Rodney Phillip Dixon (born 13 July 1950) is a former New Zealand middle- to long-distance runner. He won the bronze medal in the 1500 metres at the 1972 Olympics in Munich, and in 1983 won the New York City Marathon.

Biography
Dixon was born on 13 July 1950 in Nelson, New Zealand.

He first represented New Zealand at the 1972 Summer Olympics in Munich , finishing third in the 1500 metres. At the 1974 British Commonwealth Games in Christchurch he finished fourth in the 1500 metres. His time of 3:33.89 (officially 3:33.9) was the fifth fastest ever at the time and remained Dixon's lifetime best for the distance.
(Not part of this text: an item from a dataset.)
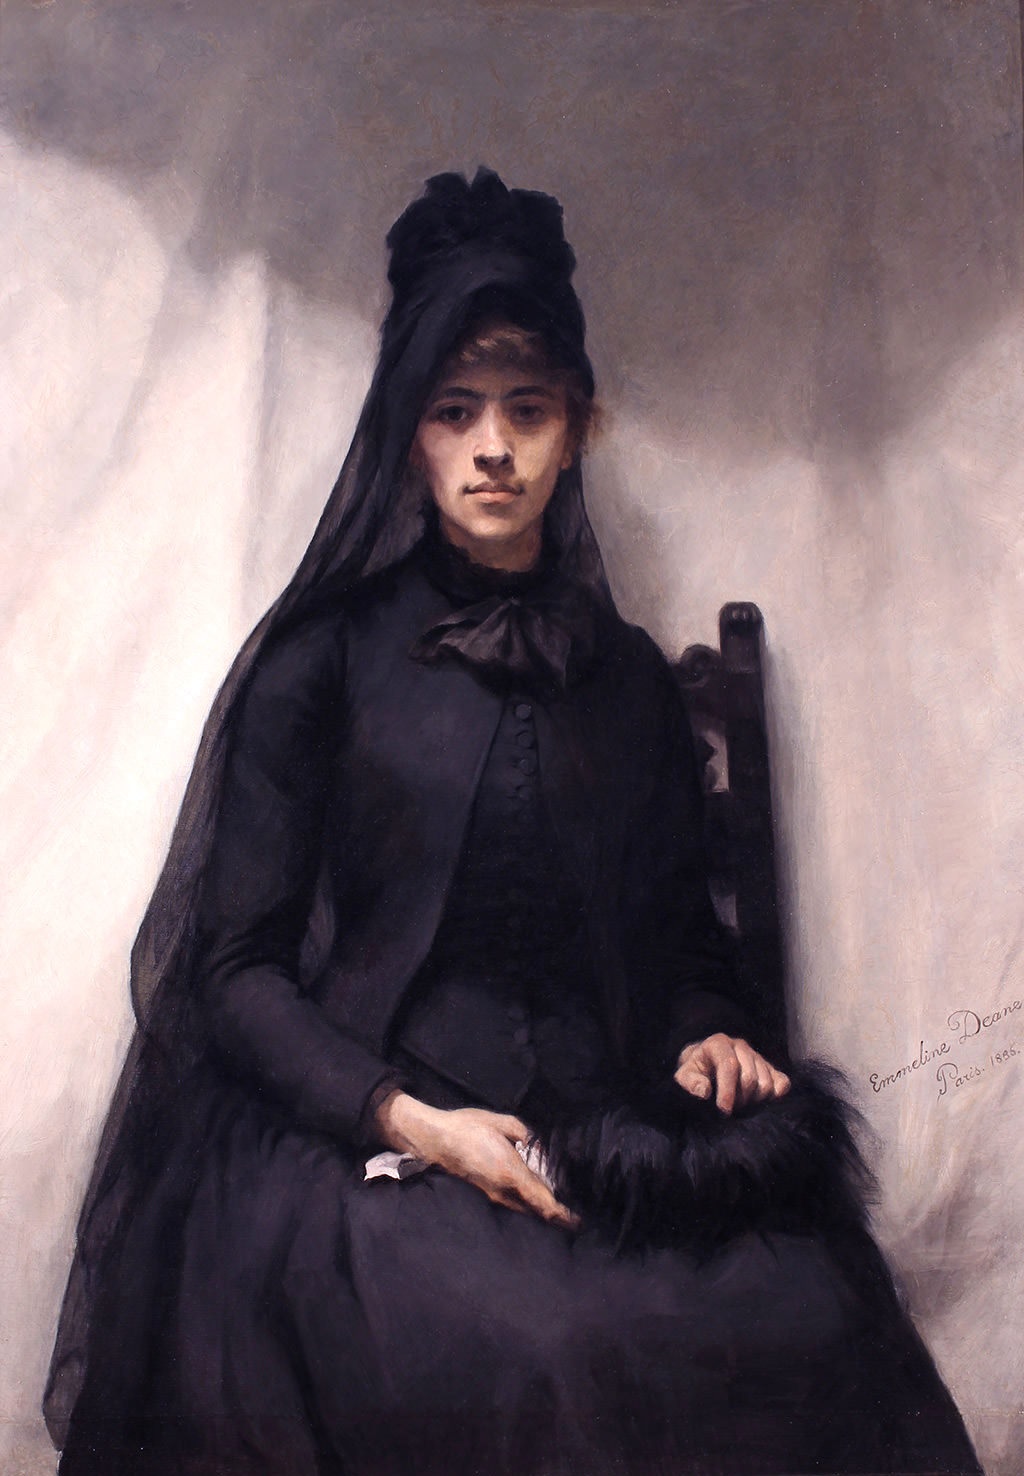 Ана Билинска by Emmeline Deane - 1886.годин - 128 x 90.7 cm

He then moved up to the 5000 metres and was ranked first in the world for the event in 1975 by Track & Field News magazine.

In the 5000 metres at the 1976 Montreal Olympics Dixon finished fourth behind four-time Olympic Champion Lasse Virén, teammate Dick Quax and Klaus-Peter Hildenbrand whose last second dive/fall denied Dixon a second Olympic bronze medal.
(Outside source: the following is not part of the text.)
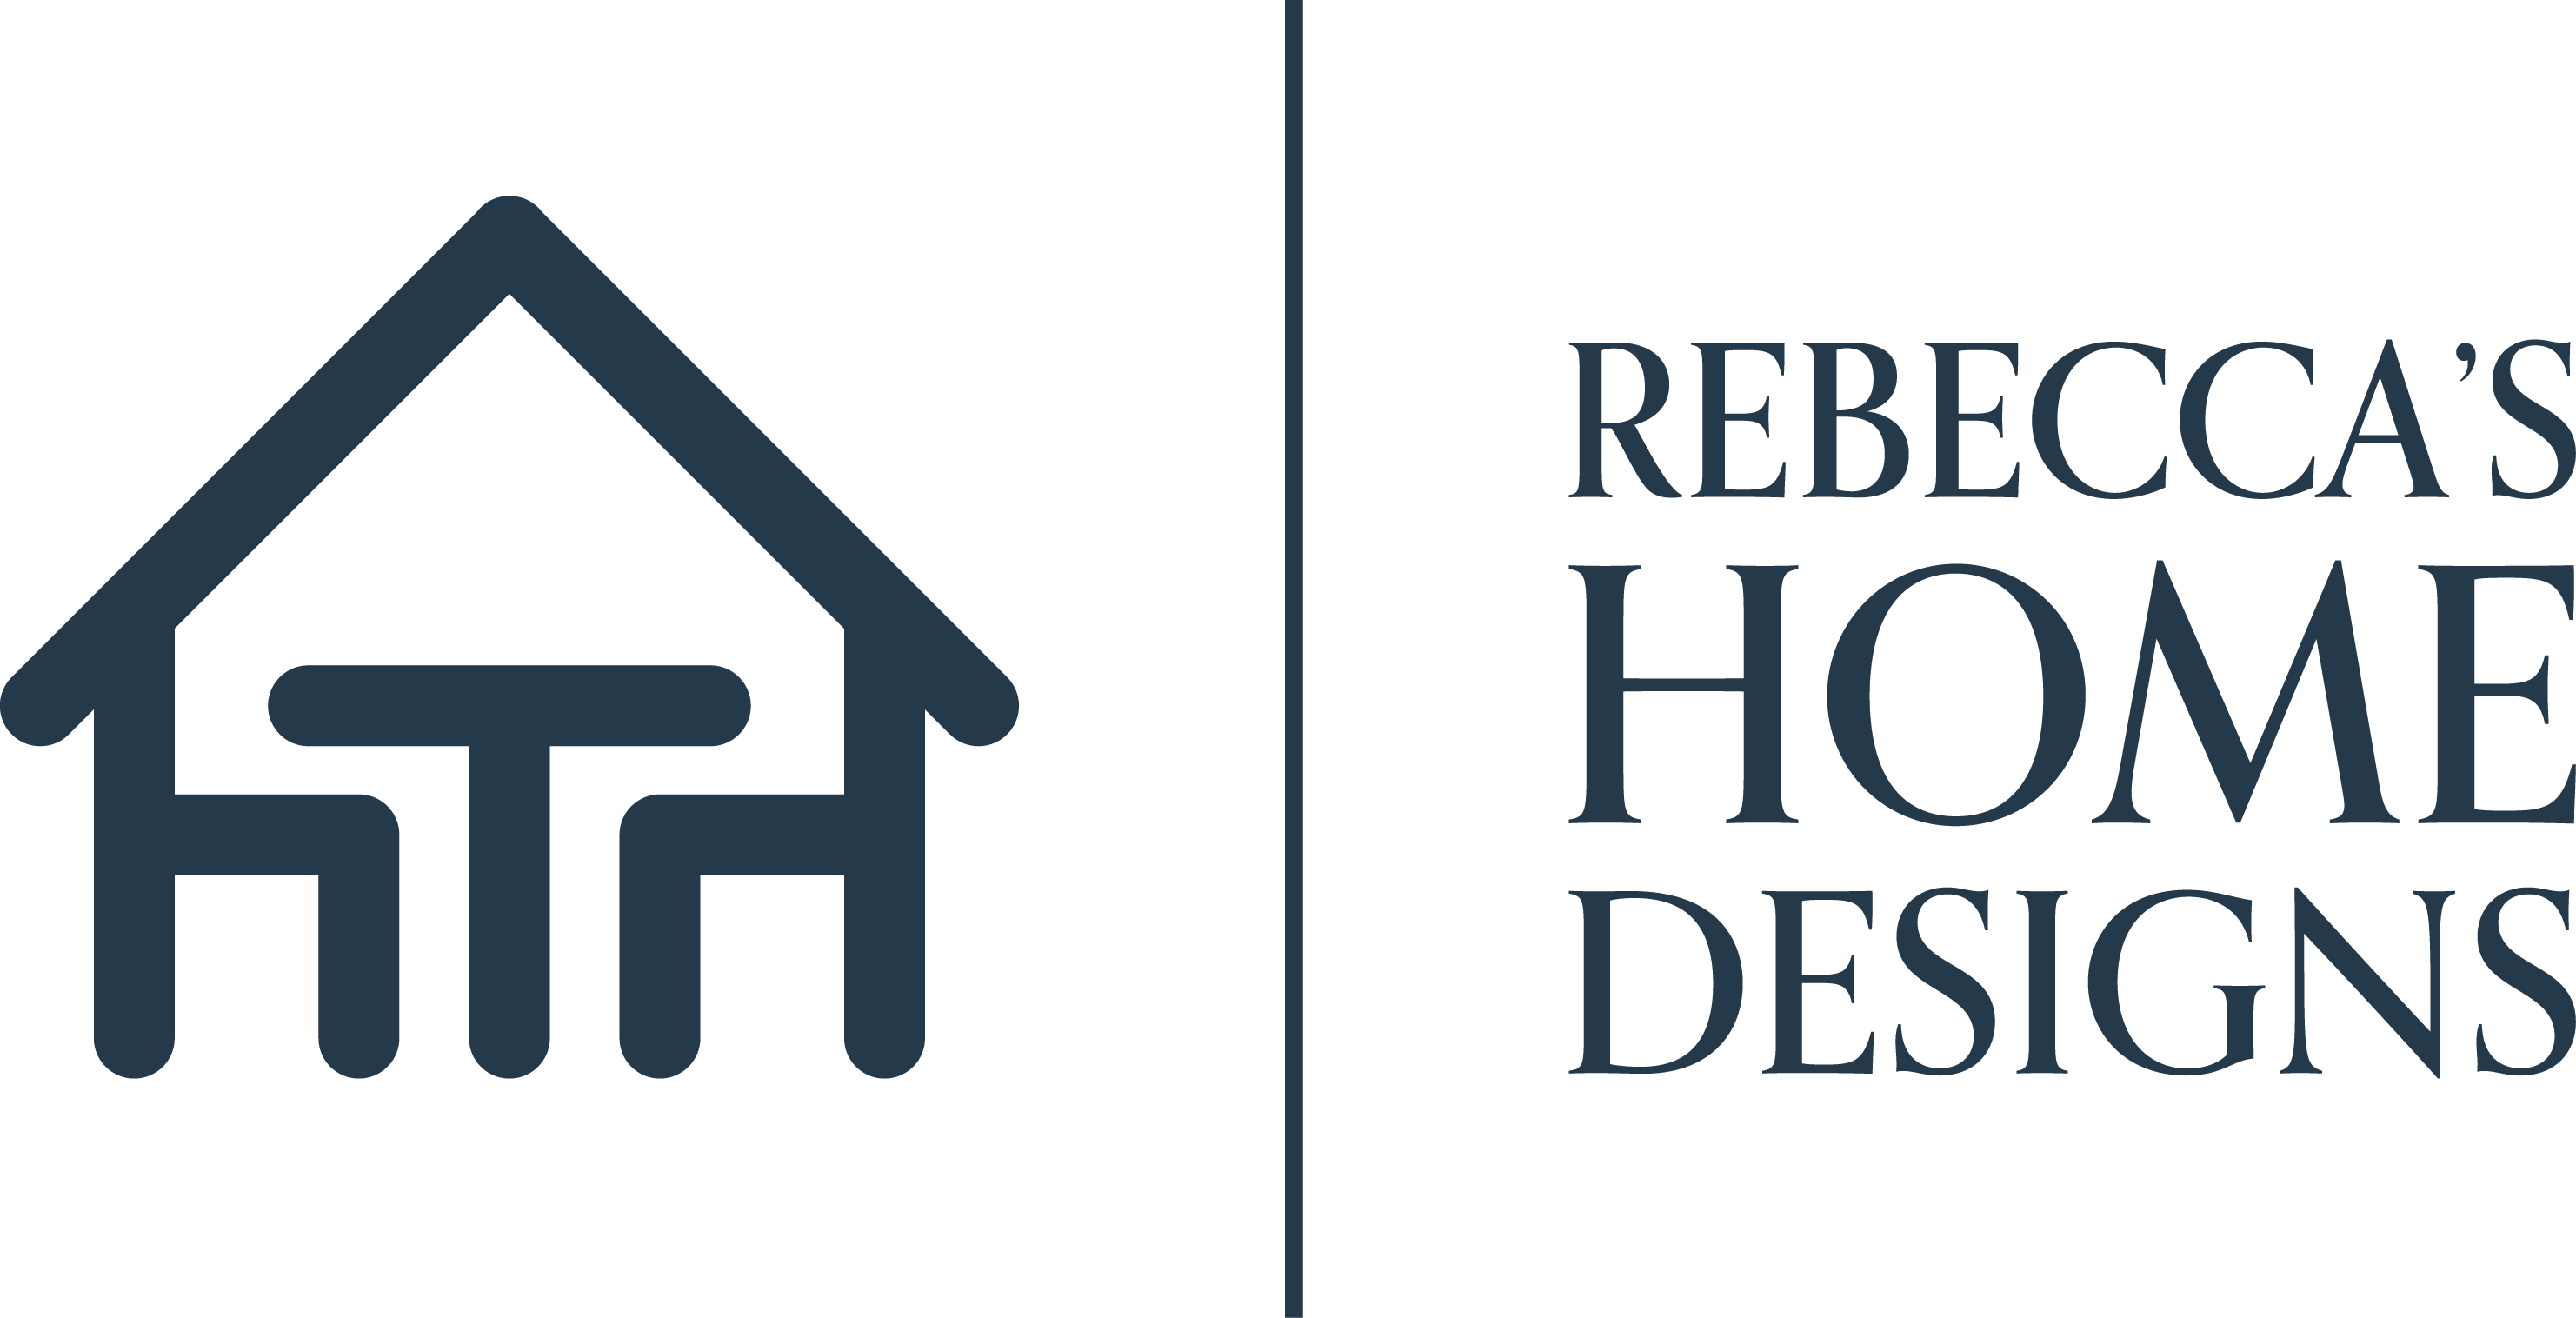 Rebecca's Home Designs

After missing the 1980 Summer Olympics due to the boycott Dixon took third place at the 1982 IAAF World Cross Country Championships.  Dixon also turned to road-running and was one of the more successful athletes on the US road racing circuit in the early '80s, including wins at the Falmouth Road Race (1980), Bay to Breakers (1982 & 1983), the Lynchburg, Virginia 10 miler (1981 & 1983), and the Philadelphia Half-Marathon (1980, 1981). His gradual move to longer distances culminated in his 1983 marathon victory in New York City. He finished 10th in the marathon at the 1984 Summer Olympics.

Unable to compete due to an injury, Dixon guided a blind runner in the 1985 Bay to Breakers. At the 1985 New York Marathon, Dixon served as the first host for the participatory "Helmet Cam" as he followed the lead pack for a mile during the race.

The boycott of the 1980 Summer Olympics lead Dixon become embroiled in a savage row with the NZ Amateur Athletic Association, he got wind of the boycott some time before it was announced and confronted NZAAA over it, teams which were to compete in the coming Olympics were in their final preparations and some athletes in teams like the rowers and hockey players were leaving their jobs so they could compete without any idea that there would be a boycott. Dixon felt that the New Zealand government had no business meddling in the Olympic games and the athletes should have been consulted and been part of the decision-making process. This rift lead to Dixon relocating to the US to compete in the road racing circuit.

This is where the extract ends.